Polling stations have been open at least 2 hours as people head out to cast their votes on election day.  Who will win?  So far, it is still expected that the Tories could win by a marginal lead but that the Labout party may still hold the majority of seats in parliament.

Sound confusing? It is…and the awkward situation has been brought about by an exciting twist this year: the Liberal Democrats have managed to gain new support mainly due to ‘dynamic’ leader Nick Clegg.

Despite the fact that this is great news for change, it does mean that a hung parliament (where there is no clear majority winner) looks ever more likely.  This in turn is bad news for the economic recovery as it means that bills and motions could take longer to be passed and approved.

Financial markets are awaiting the election results with much anticipation; the currency exchange market has had its fair share of nervousnous in recent days and weeks thanks to the threat of debt crisis, which it is now feared will spread from Greece to other EU economies.

Traders Fear Deficit Crisis will Spread

May 4, 2010

Will it ever end?

Greece continues to dominate headlines in the UK and other EU nations including Germany – the country which is to hand the largest proportion of aid to Greece as part of the new €110 billion bailout.

The new figure, agreed upon over the weekend, has failed to please traders on the markets; many still fear that the deficit ‘illness’ is going to spread to other troubled Eurozone economies (notably Portugal and Spain).

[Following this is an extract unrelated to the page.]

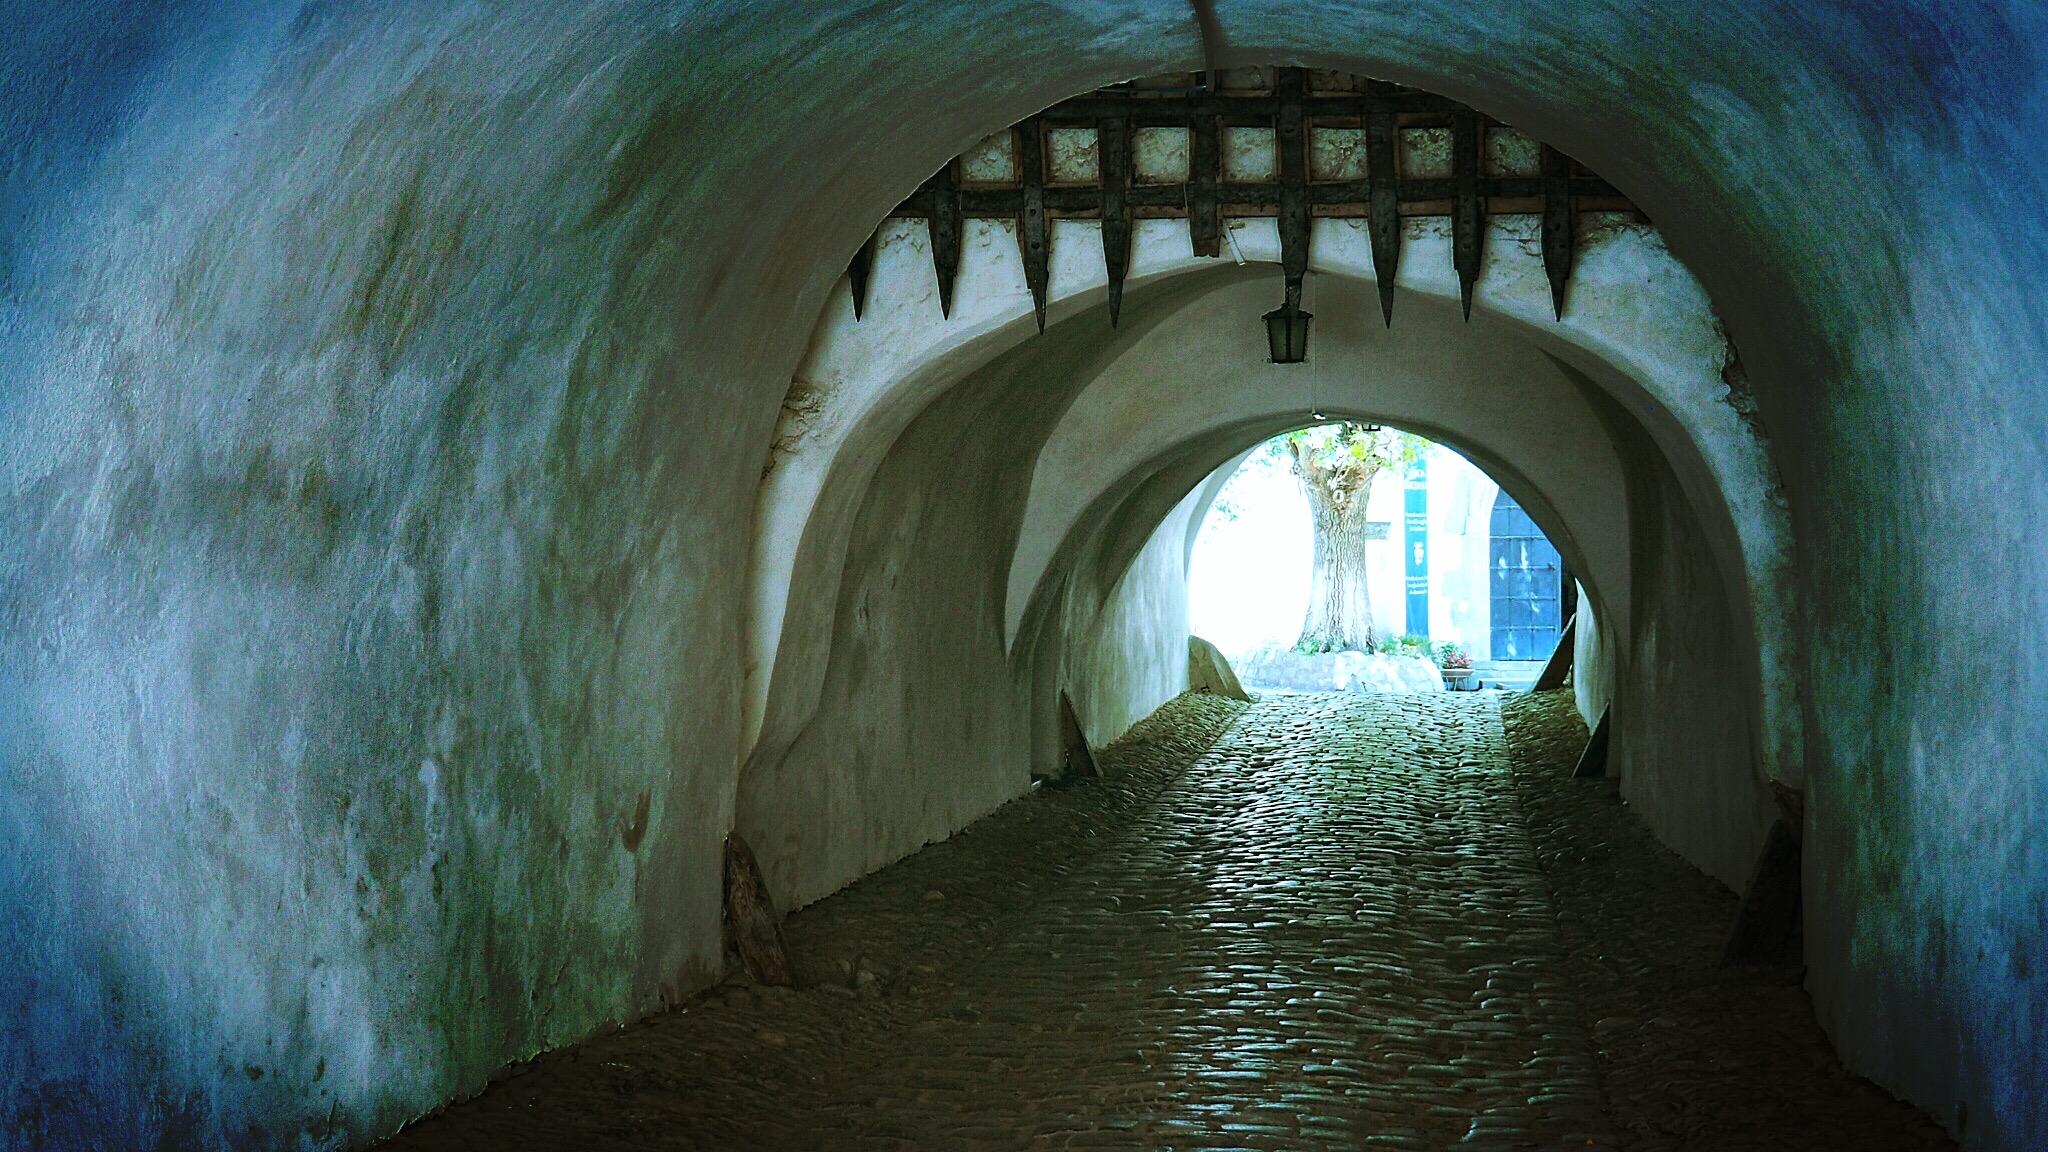 Eingang zur Kirchenburg Prejmer (Tartlau)
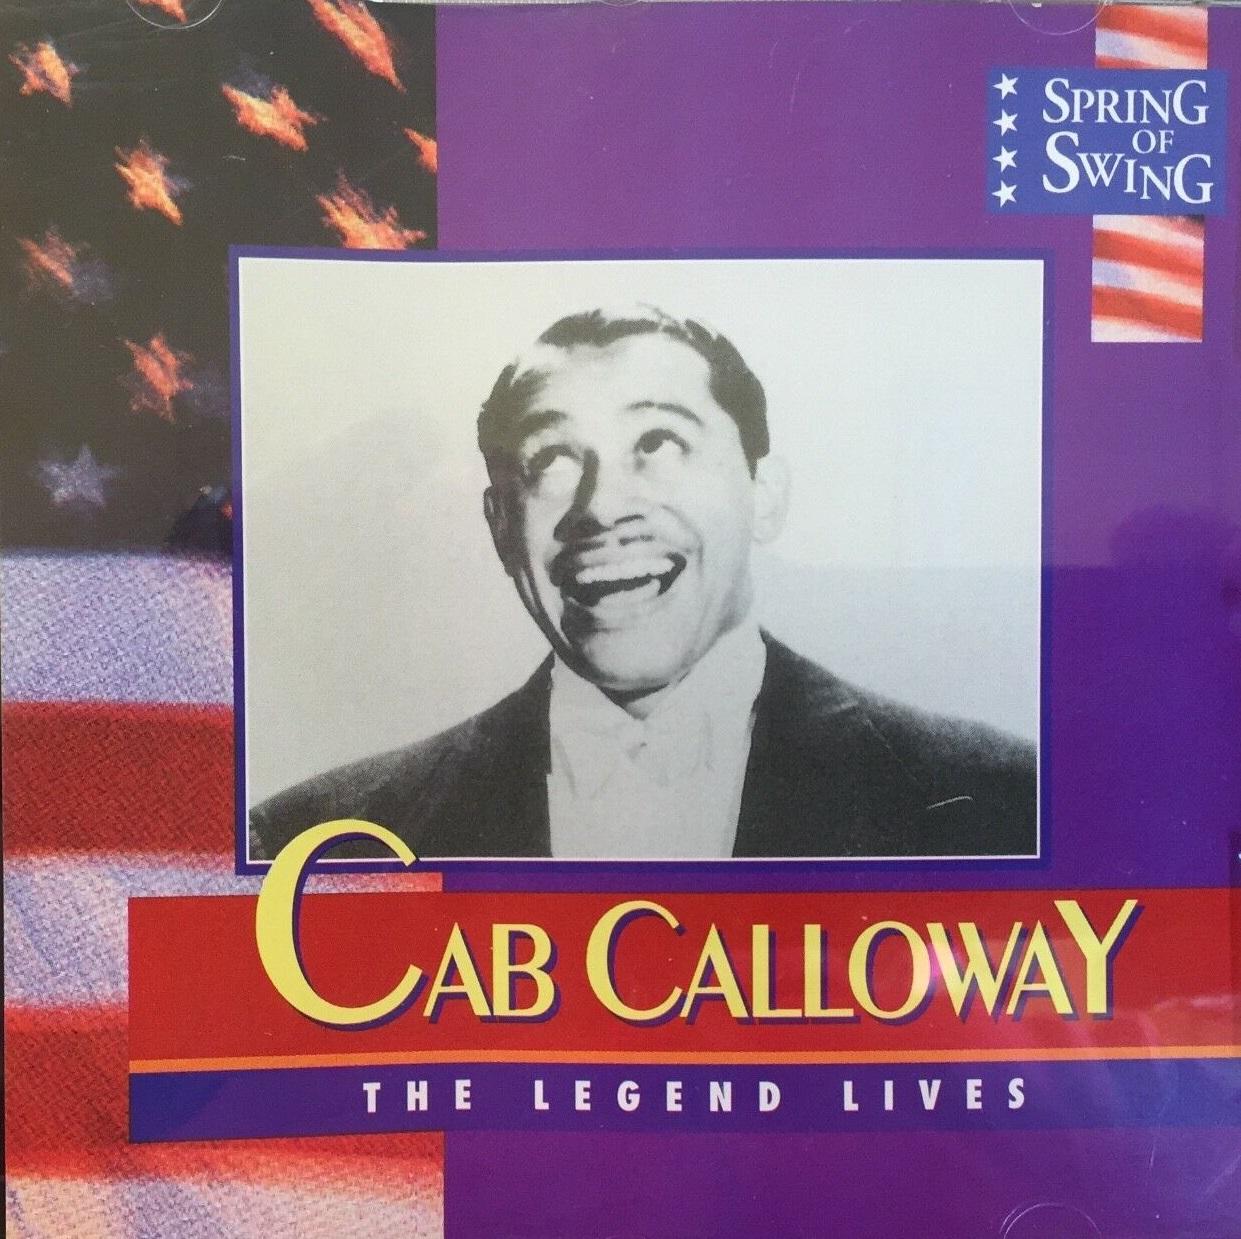 Calloway Cab – Legend Lives

In order to receive the bailout, Greece first had to receive a ‘rule re-jig’ by the European Central Bank.  The Bank, which had repeatedly announced last year that it was to change its lending rules, has now made a U-turn to enable Greece to keep selling bonds.  In reality, the ECB does not lend to countries rated as ‘junk’ – Greece received this rating from Standard & Poor’s just last week.

While economists complain about the ECB’s lack of resolve and slow reactions, the people of Greece are once again taking to the streets with another 48-hour general strike in reaction to the austerity measures imposed upon them.

This morning the euro slid against the pound and the US dollar on the ECB’s decision.